ADIA Nutrition Inc. (OTCQB: ADIA) has formally requested regulatory reclassification with both the SEC and OTC Markets Group, shifting its Standard Industrial Classification (SIC code 2836) designation to align with its actual business operations in biological products manufacturing and distribution. Previously categorized as pharmaceutical preparations (SIC 2834) with SEC and as a holding company (SIC 6719) with OTC Markets, the company’s true operational footprint had become obscured by outdated classifications.

The Winter Park, Florida-based company operates through a dual-channel model that distinguishes it from traditional pharma or supplement businesses.
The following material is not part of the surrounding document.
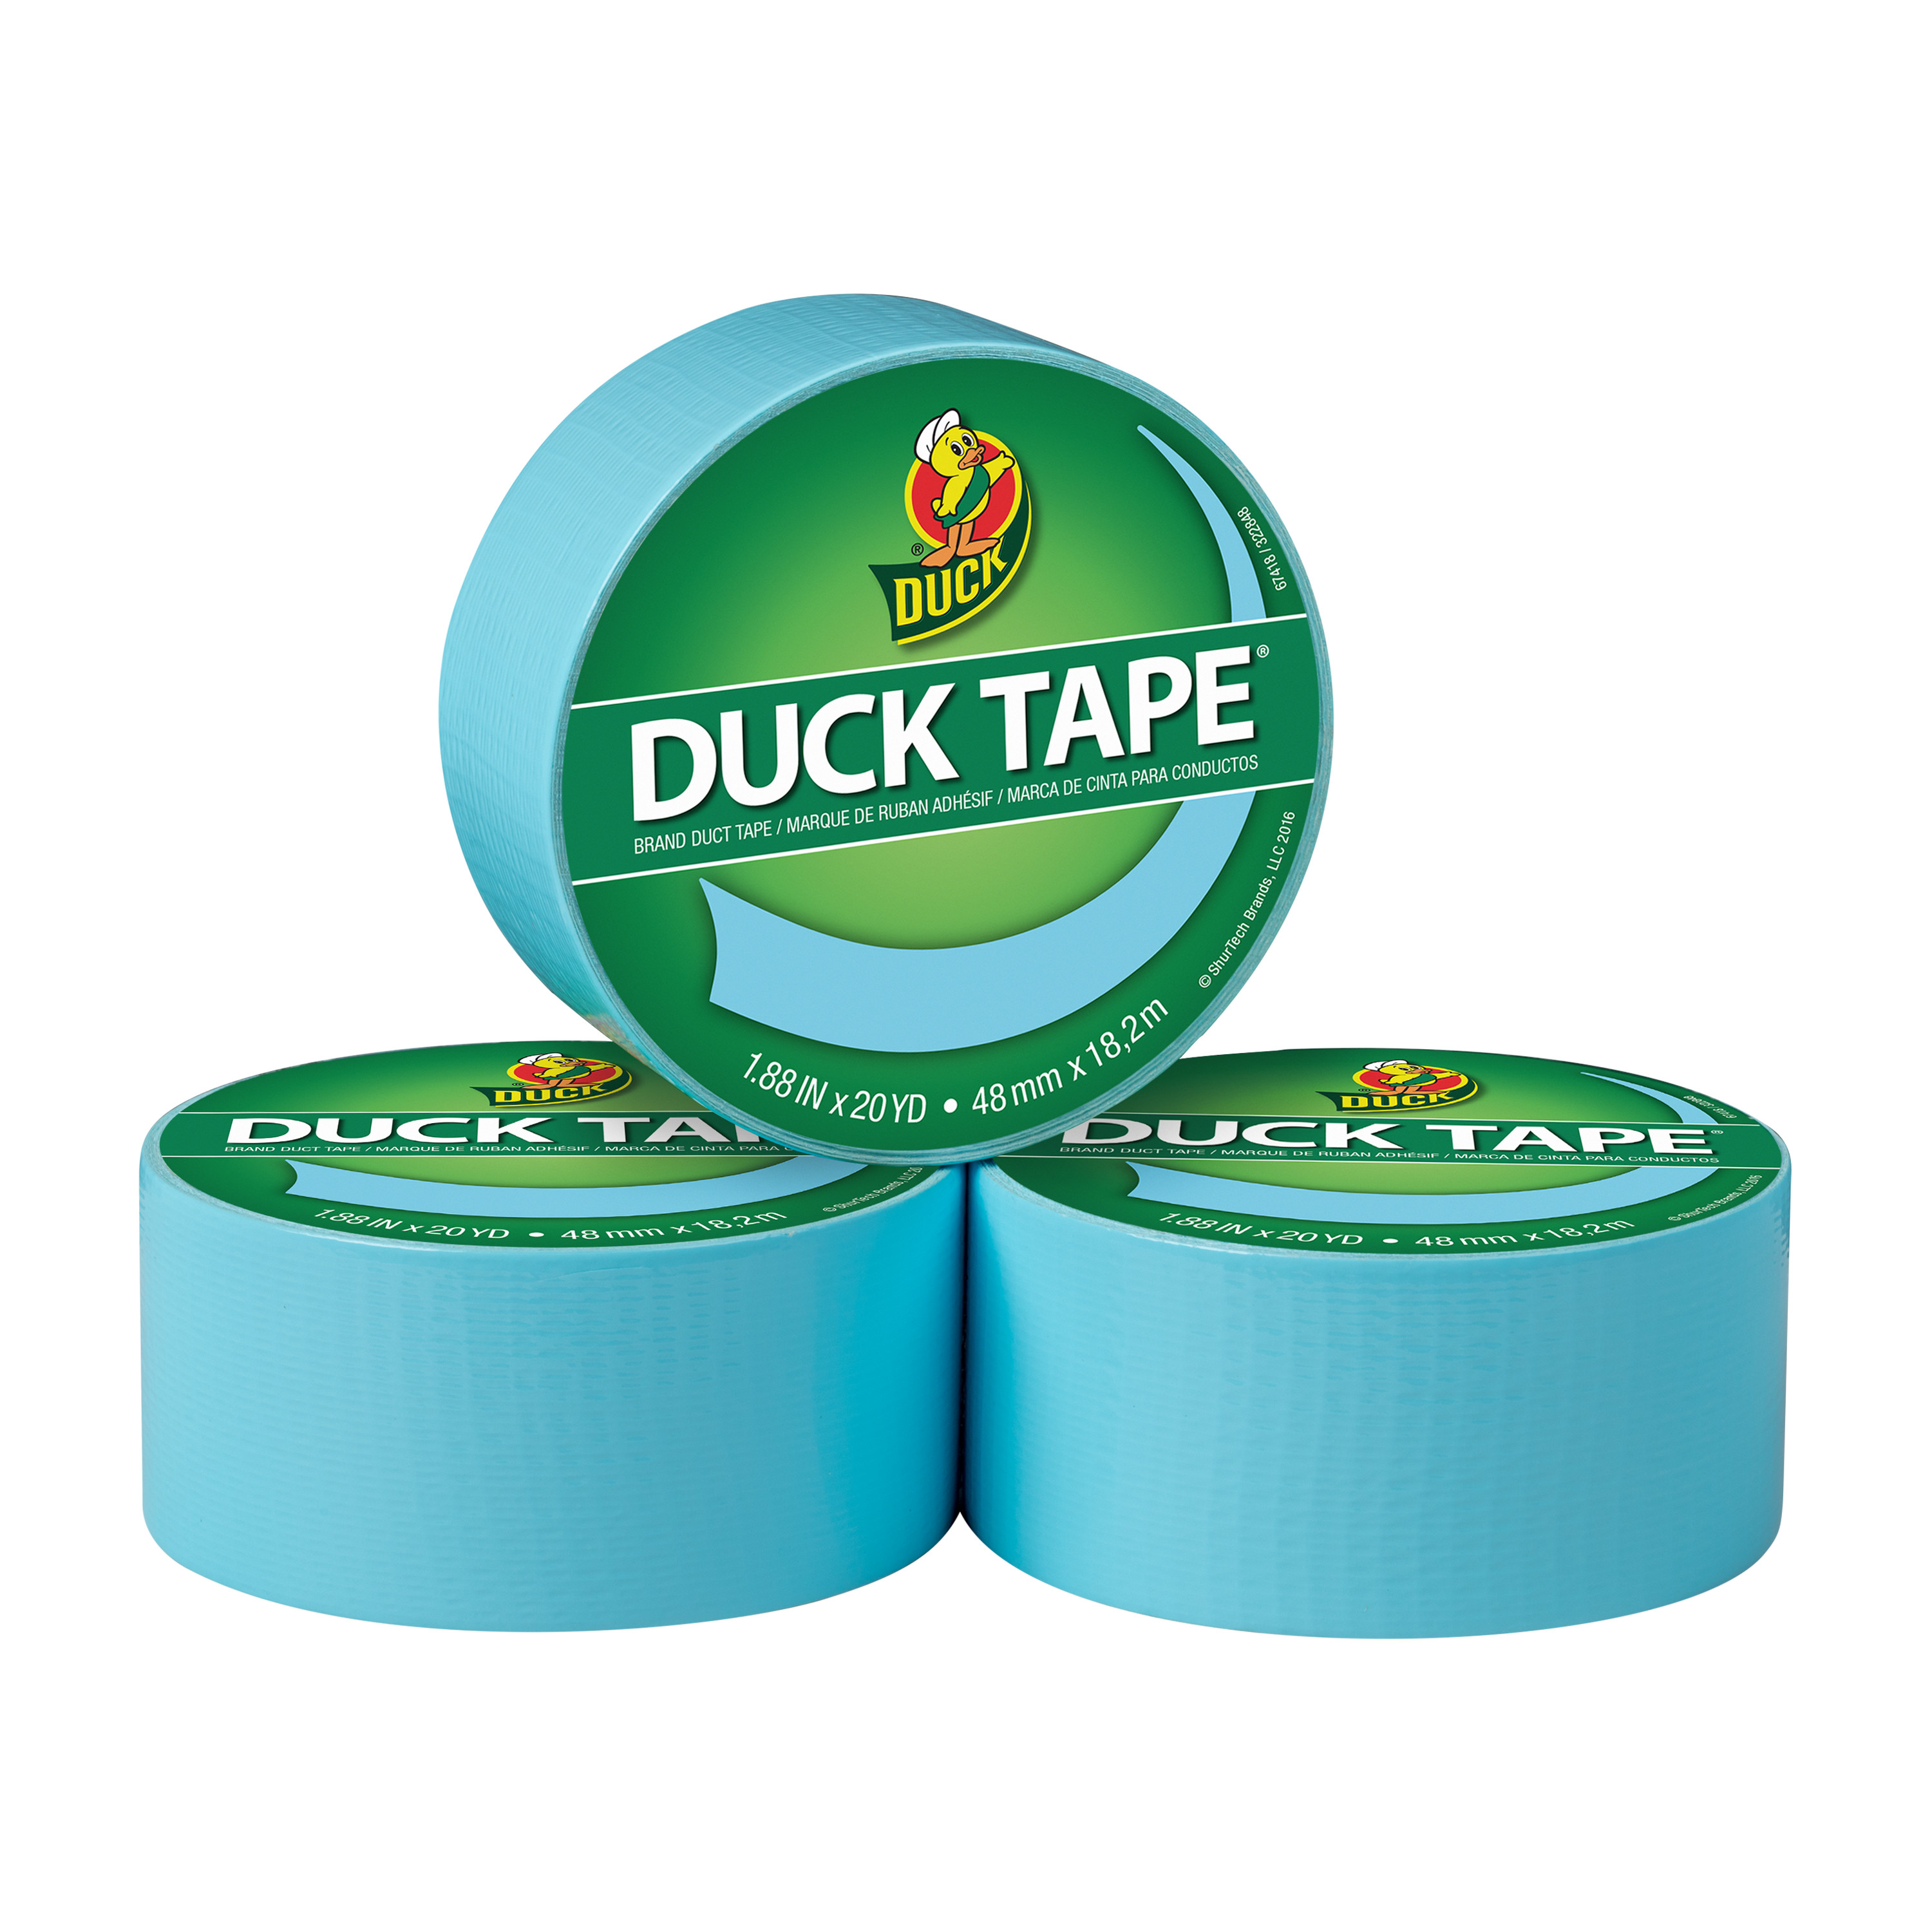 Duck Brand 1.88 in. x 20 yd. Frozen Blue Colored Duct Tape, 3 Pack - image 1 of 7

Adia Labs LLC manufactures and distributes FDA-registered 361 HCT/Ps—namely AdiaVita and AdiaLink—to physicians across the nation, while Adia Med operates a network of specialty clinics delivering stem cell therapies, platelet-rich plasma (PRP) treatments, therapeutic plasma exchange (TPE), autologous hematopoietic stem cell transplantation (aHSCT), and wound repair services.

Why SIC Code 2836 Matters

The shift to biological products classification addresses a fundamental mismatch between how regulators and investors have categorized ADIA versus how it actually operates. “We are not a supplement, pharma, or holding company,” CEO Larry Powalisz stated. “We are a biotech company scaling biological products through labs and clinics. Updating to SIC 2836 across both SEC and OTC Markets gives investors and partners full clarity on our true growth model.”

This precision in classification has real implications. Biotech companies pursuing partnerships, financing, or strategic alliances benefit from transparent operational categorization. ADIA’s reclassification removes ambiguity about what sector benchmarks apply to the business and clarifies its positioning within the regenerative medicine landscape.
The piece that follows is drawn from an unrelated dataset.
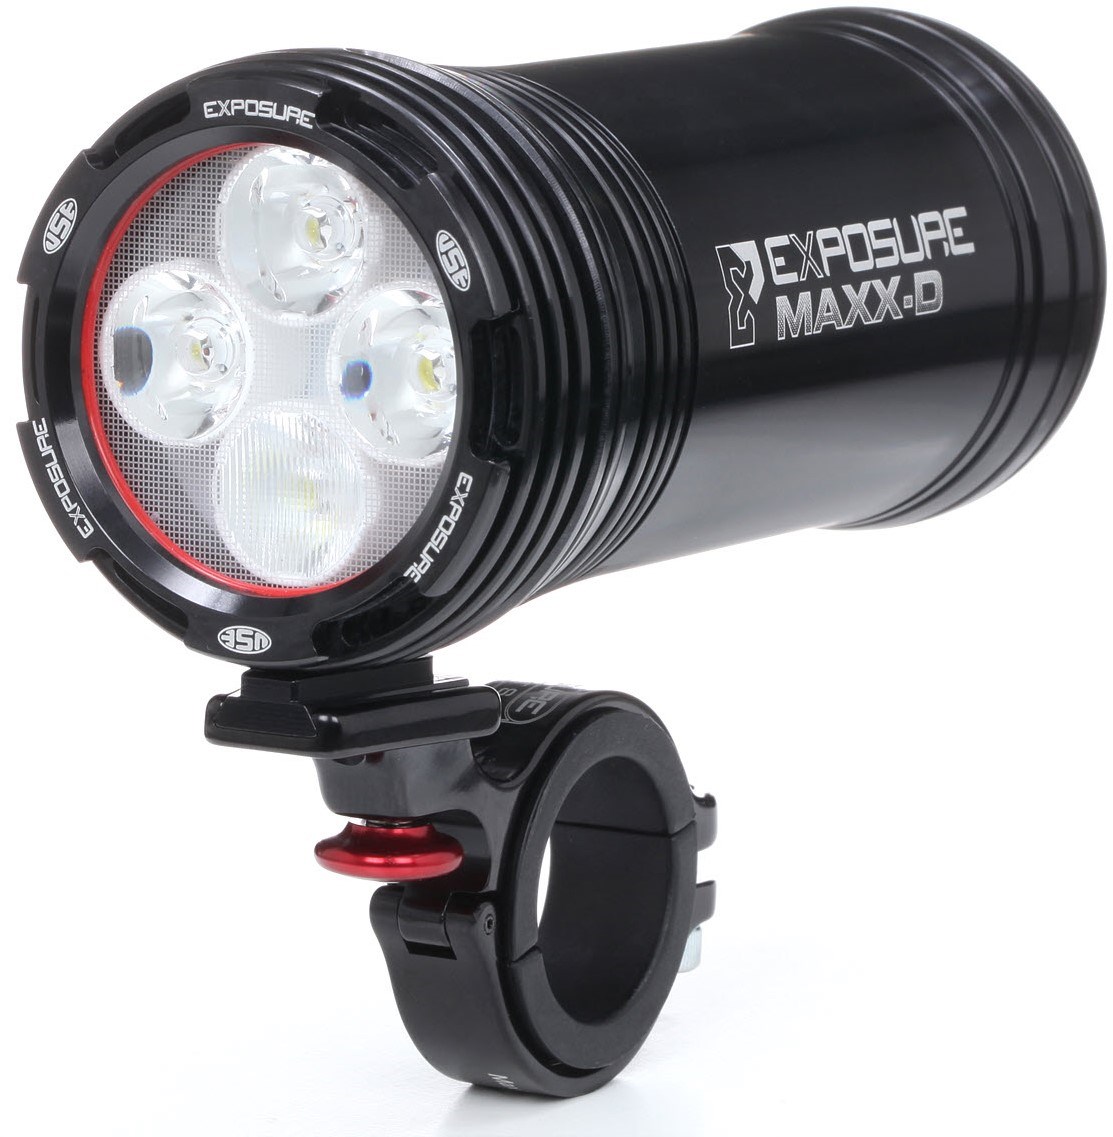 Exposure Race Mk9 Rechargeable Front Light product image

Business Traction Validates Reclassification

The timing of the SIC code update coincides with ADIA’s operational momentum. The company posted 200%+ quarter-over-quarter revenue growth in Q3 2025, expanded its clinic network nationwide, and progressed toward OTCQB uplisting—metrics that substantiate its biotech growth narrative rather than a holding company or pharmaceutical preparation model.

The company generates revenue through multiple streams: direct service fees from Adia Med clinics, product sales through Adia Labs, insurance billing for FDA-approved treatments, and strategic equity positions in complementary health ventures like Cement Factory LLC, a nutrition and supplement company aligned with Adia’s wellness mission.

Implementation and Next Steps

Upon ADIA’s next regulatory filings, the updated SIC code classifications will take effect across both the SEC and OTC Markets databases. This change streamlines how institutional investors, research analysts, and potential partners identify and evaluate the company’s business model.

For business development opportunities, clinic owners and healthcare practitioners interested in licensing the Adia Med brand or integrating regenerative therapies into their practices are encouraged to engage directly with the company. Additional inquiries can be directed to CEO Larry Powalisz at 321-788-0850 or ceo@adiamed.com.

About ADIA Nutrition Inc.

ADIA Nutrition Inc. (OTCQB: ADIA) is a publicly traded regenerative medicine company headquartered in Winter Park, Florida. The company combines FDA-registered biological product manufacturing with clinical delivery of advanced regenerative treatments, positioning itself at the intersection of biotech innovation and healthcare delivery.